*** Opening Information shown ***

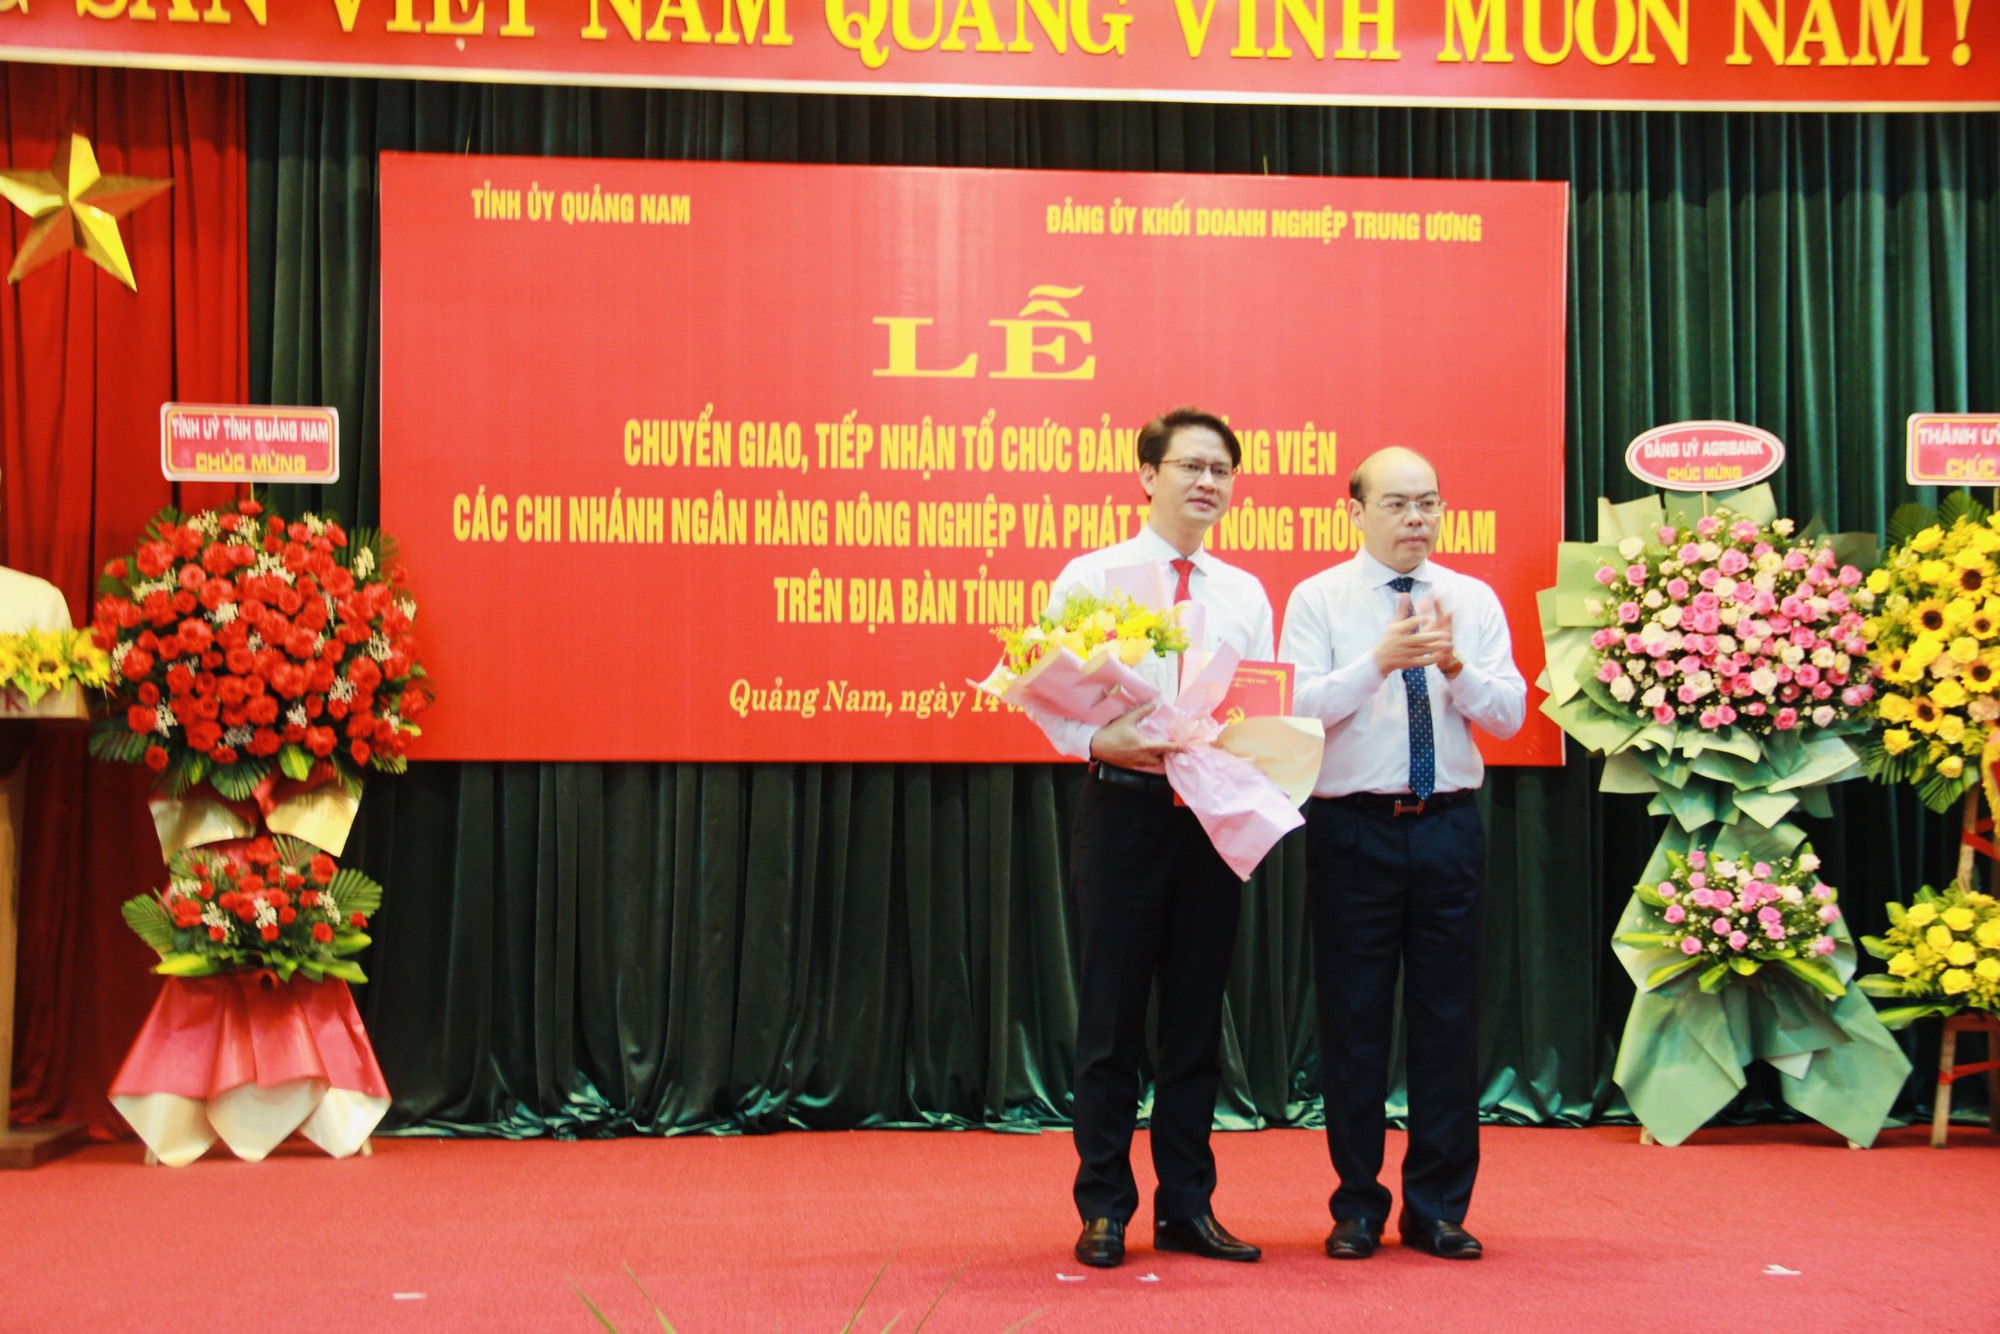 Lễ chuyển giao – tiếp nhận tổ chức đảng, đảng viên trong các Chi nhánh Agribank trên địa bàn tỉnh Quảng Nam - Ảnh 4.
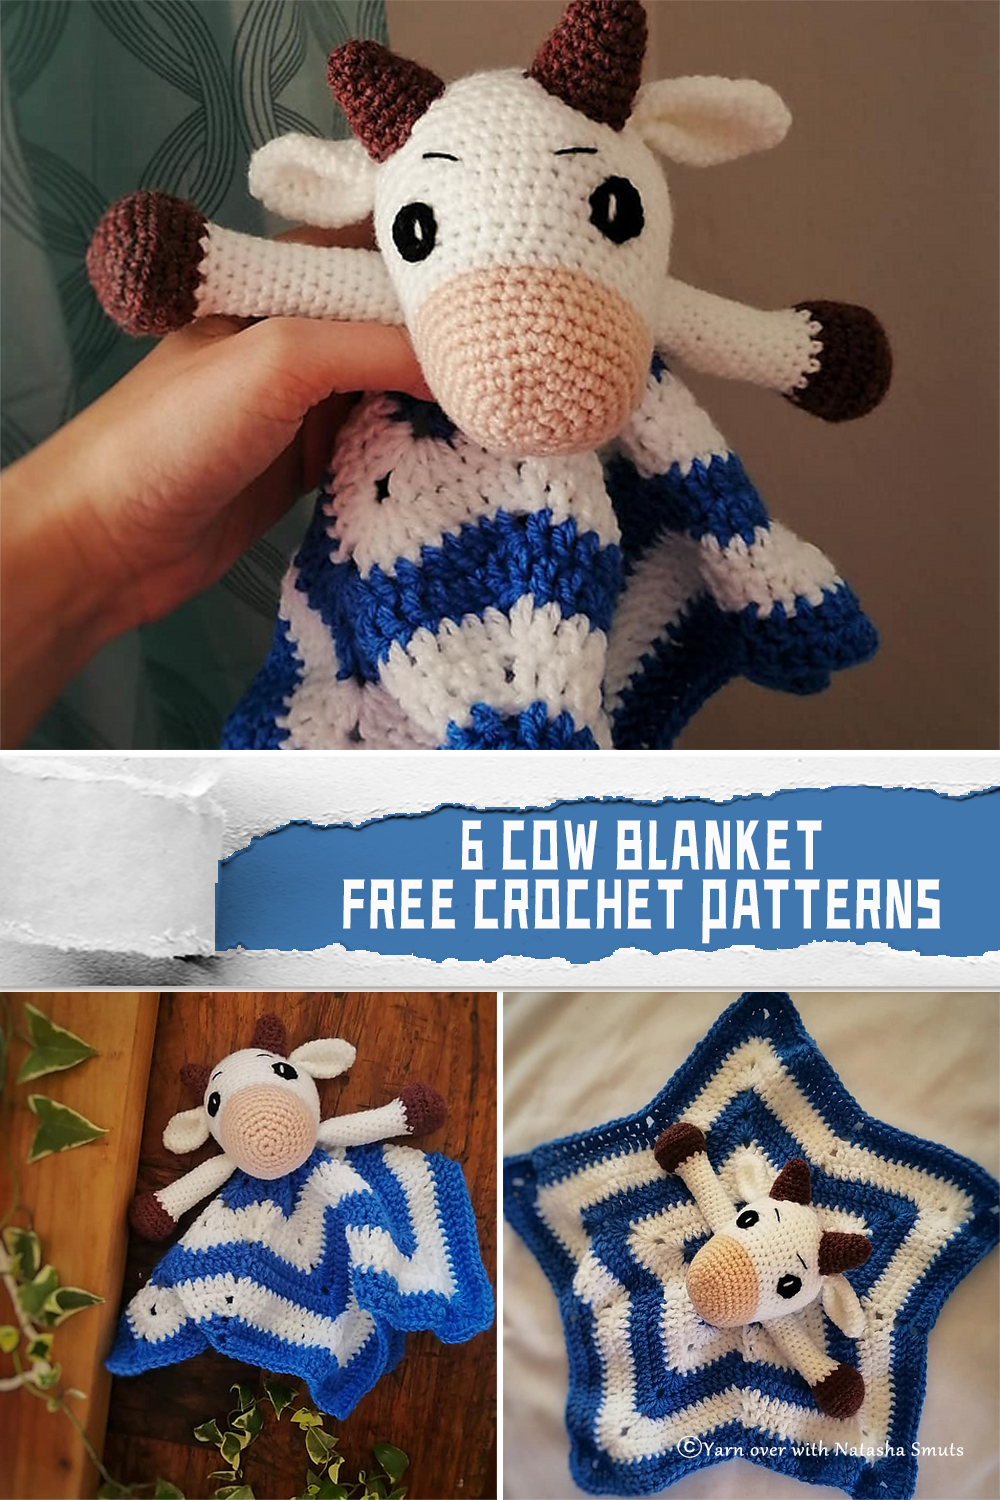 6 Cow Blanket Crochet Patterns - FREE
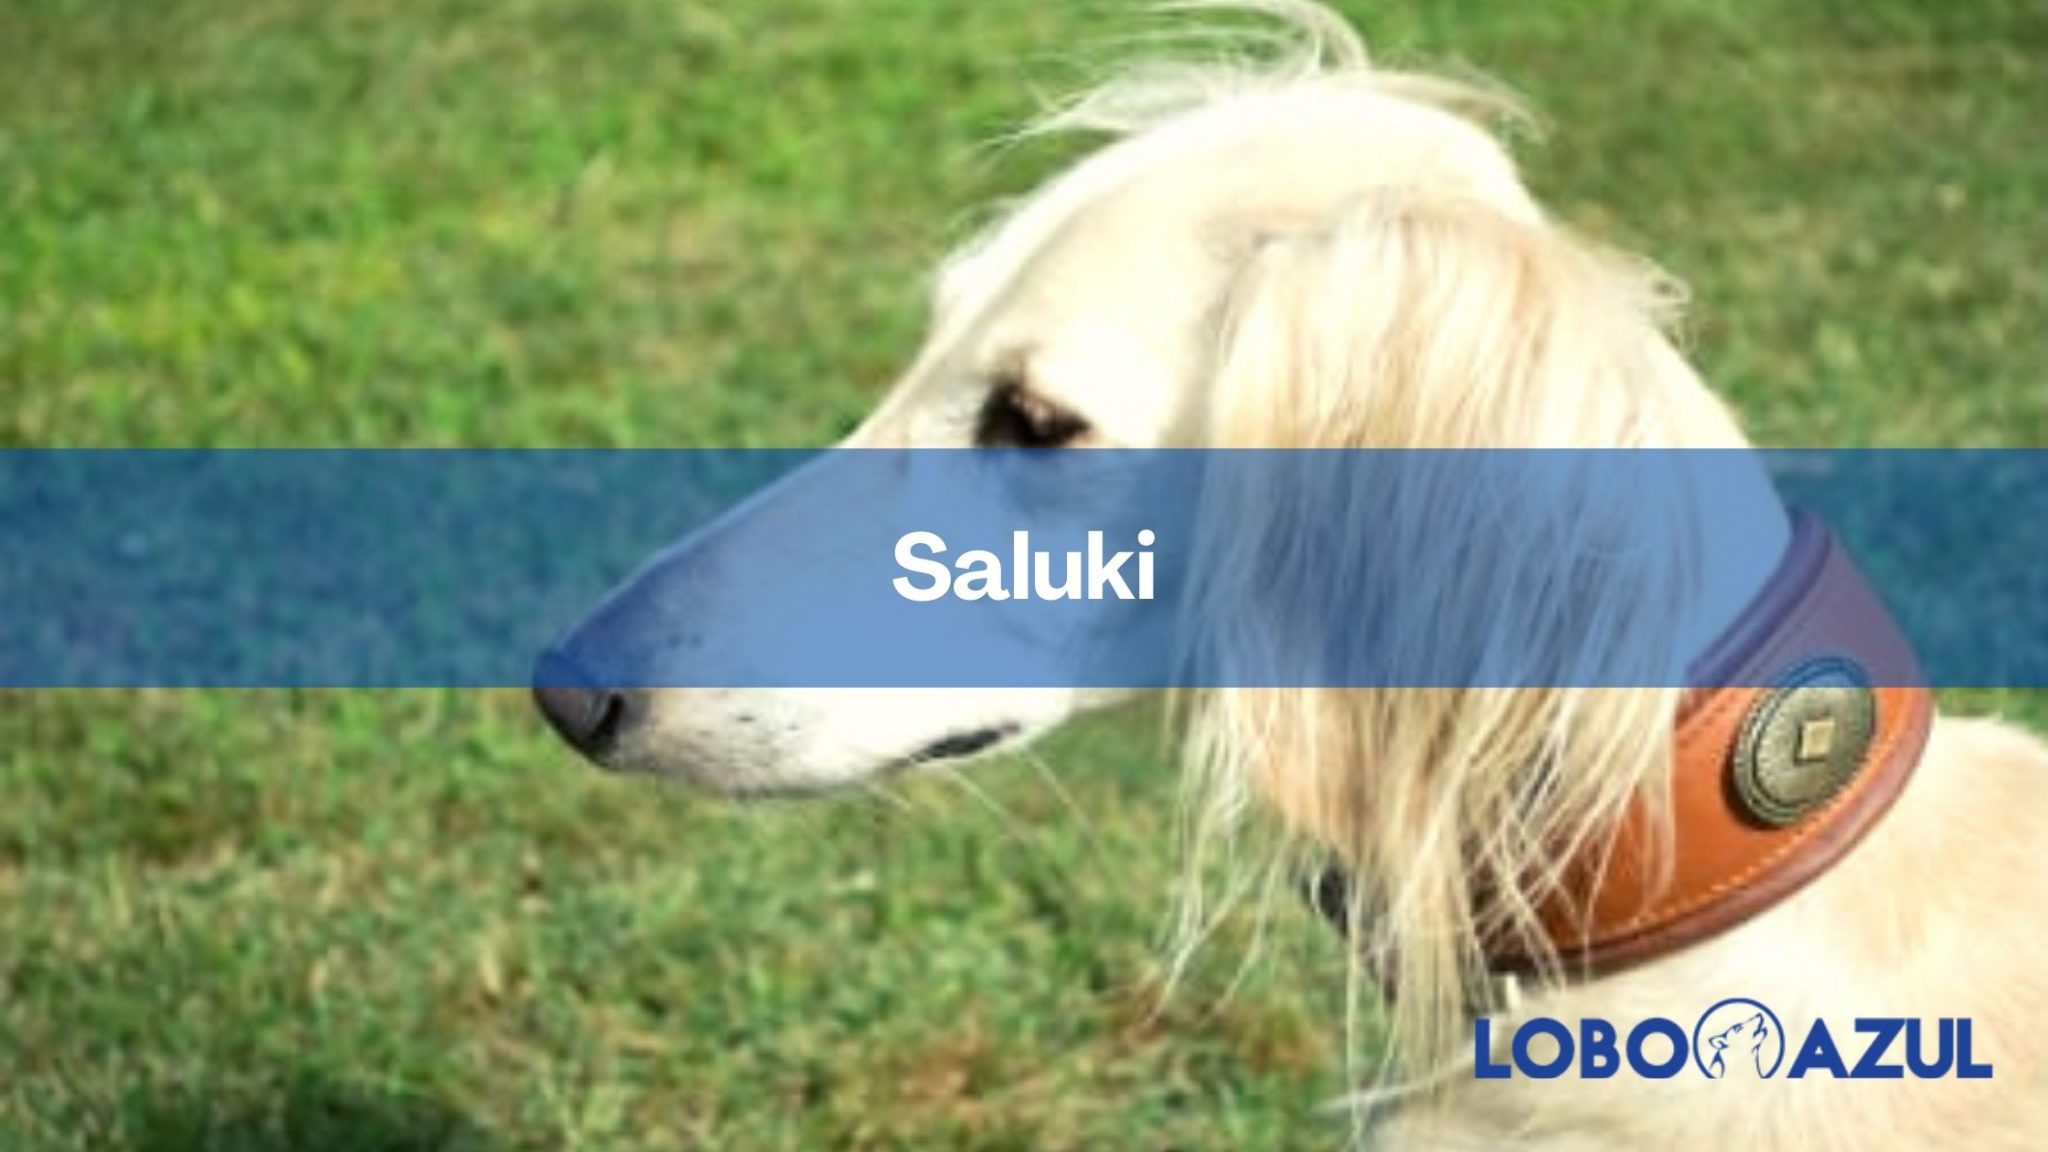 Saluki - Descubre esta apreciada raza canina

*** Closing Information shown ***

The answer must be the full listing retyped exactly, with no pictures in it.

 Lễ chuyển giao – tiếp nhận tổ chức đảng, đảng viên trong các Chi nhánh Agribank trên địa bàn tỉnh Quảng Nam - Ảnh 4.
 6 Cow Blanket Crochet Patterns - FREE
 Saluki - Descubre esta apreciada raza canina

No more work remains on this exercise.